8 best practices for writing content

Jan 10th, 2014

Have you seen our content marketing blog post on The Drum website yet? If you’re looking to enhance your content marketing strategy, check this out…

Although it has always really been the case, the last couple of years has seen the relationship between content and SEO become ever more important.

Today, brands and site owners cannot afford to do anything other than to produce informative and engaging content that people actually want to read and share. Do this, and ensure that it continues to be done regularly, and your site’s SEO performance will then follow.

However, a little optimisation is still needed. As a fellow professional told me a few months ago, “…although producing good content regularly is the key, there is no point in writing novels and literary works of art if search engines can’t find them.”

So what things should be considered in order to achieve a happy medium? Well the following tips can provide a good starting point before writing content with SEO in mind:

1. Carefully select keywords

  • Include a selected keyword in your copy or headline that is relevant to problem/question your content is trying to solve
  • Think about selecting one primary keyword and some supporting ones to go along with it
  • Target a low number of SEO keywords per page (ideally no more than five, less if they’re all very similar)
  • Use the exact term where possible, but don’t force it
  • Only include keywords if they fit naturally into the content

2. Think about your headlines and titles

These need to be as ‘sticky’ as possible because, if it isn’t enticing /appealing, the content won’t be read. Also, it is worth bearing in mind that the headline will also be used when it is shared on social networks.

3. Make sure the content delivers on your headline

Eight out of 10 people will read headline copy, but only two out of 10 people will read the rest. Because many people initially skim over articles, they won’t stick around and digest it properly if they don’t think your content is addressing your headline.

4. Reel in your audience with a killer intro

You could open your content:

  • By posing a question
  • With a quote
  • With an anecdote
  • By quoting an interesting fact
  • By being contextual
  • By painting a picture in your reader’s mind
  • With an analogy

5. Break up your text

Using sub-headings, short paragraphs, call-out boxes and bullet pointed or numbered lists, for example, will make information easier to digest. It will also help those people skimming and scanning your content. Additionally, sub-headings do also have a minor SEO benefit, too.

6. Insert images

Backing up your content with screenshots, infographics, charts etc. can convey a message more powerfully than words alone. However, it is also important to bear in mind that there are strict copyright laws surrounding the use of images, so you must make sure that any image that you use on your site is there with the permission of its owner. Or, use copyright free image websites such as iStock or ShutterStock.

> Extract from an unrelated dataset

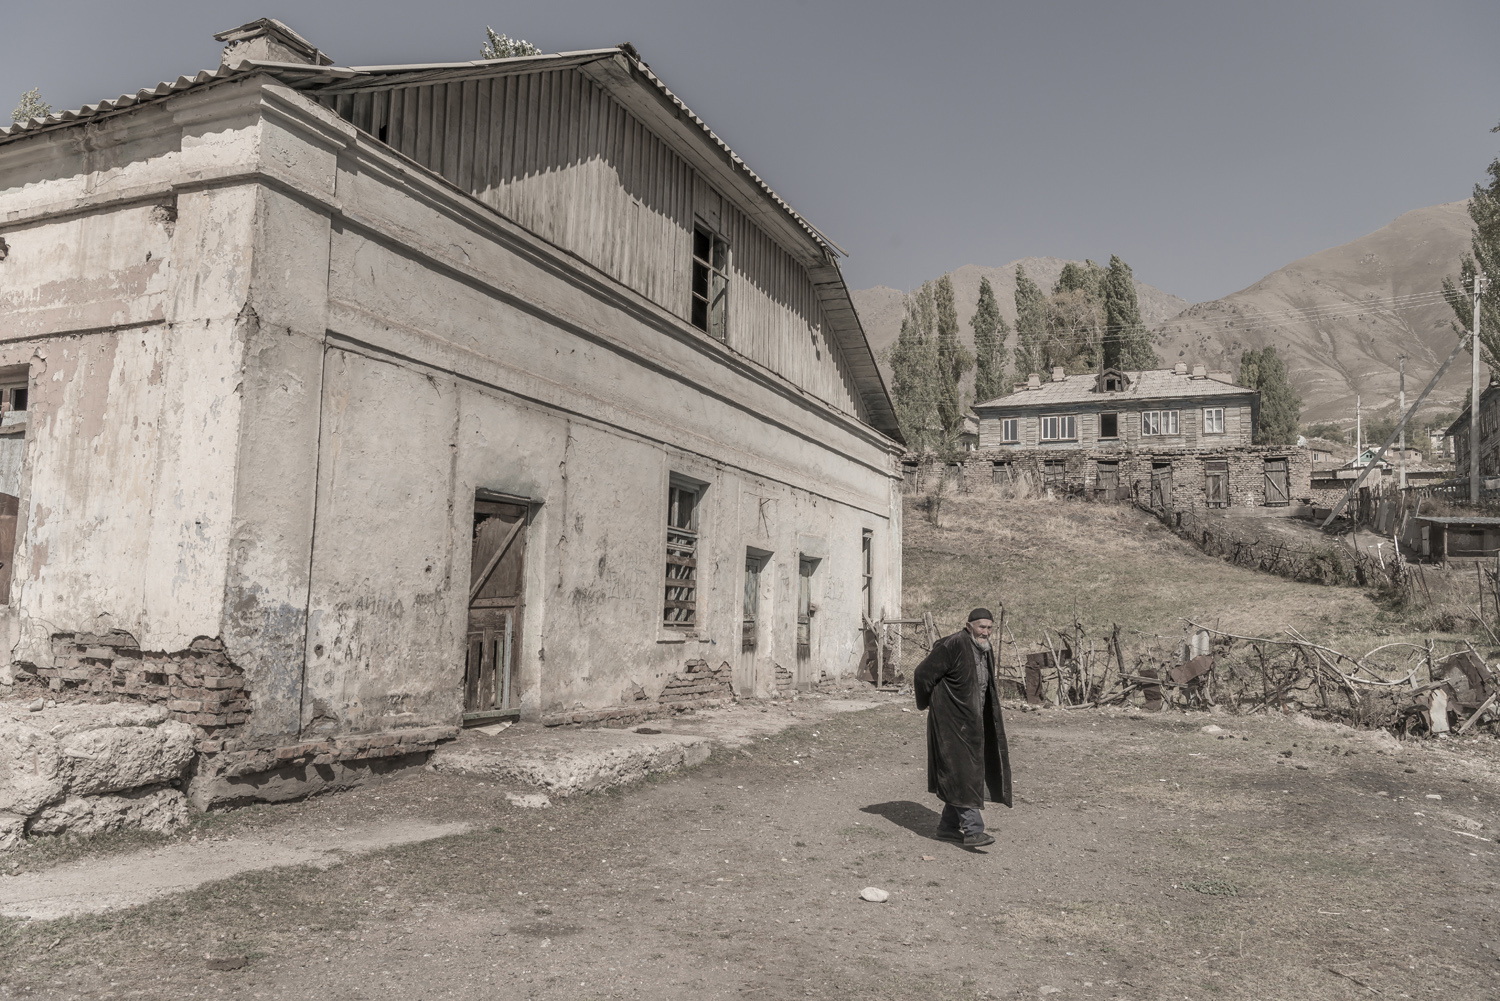 min-kush-soviet-uranium-mining-town-industrial-Russia-Kyrgyzstan-ruins-soviet-sign-jo-kearney-photos-video-photography-old-man-abandoned-town.jpg

*Note: it is also wise to tag your images and give them alt text to help search engines to work out what they are.

7. Think about internal links

Linking your visitors to another piece of related content will ensure that you are keeping them on your site and exposing them to more of your content. There is also a significant SEO benefit in doing this too, as editorial and mid content internal links provide citation, which is any mention of your brand online with or without a link.

8. Set goals for every single piece of content that you produce

You might want a piece of content to specifically generate leads or to be shared on social media. Whatever it is, make sure that you have a goal in mind before writing, as your content should be shaped around achieving this aim. Never sacrifice the user experience to force your copy to meet an SEO goal.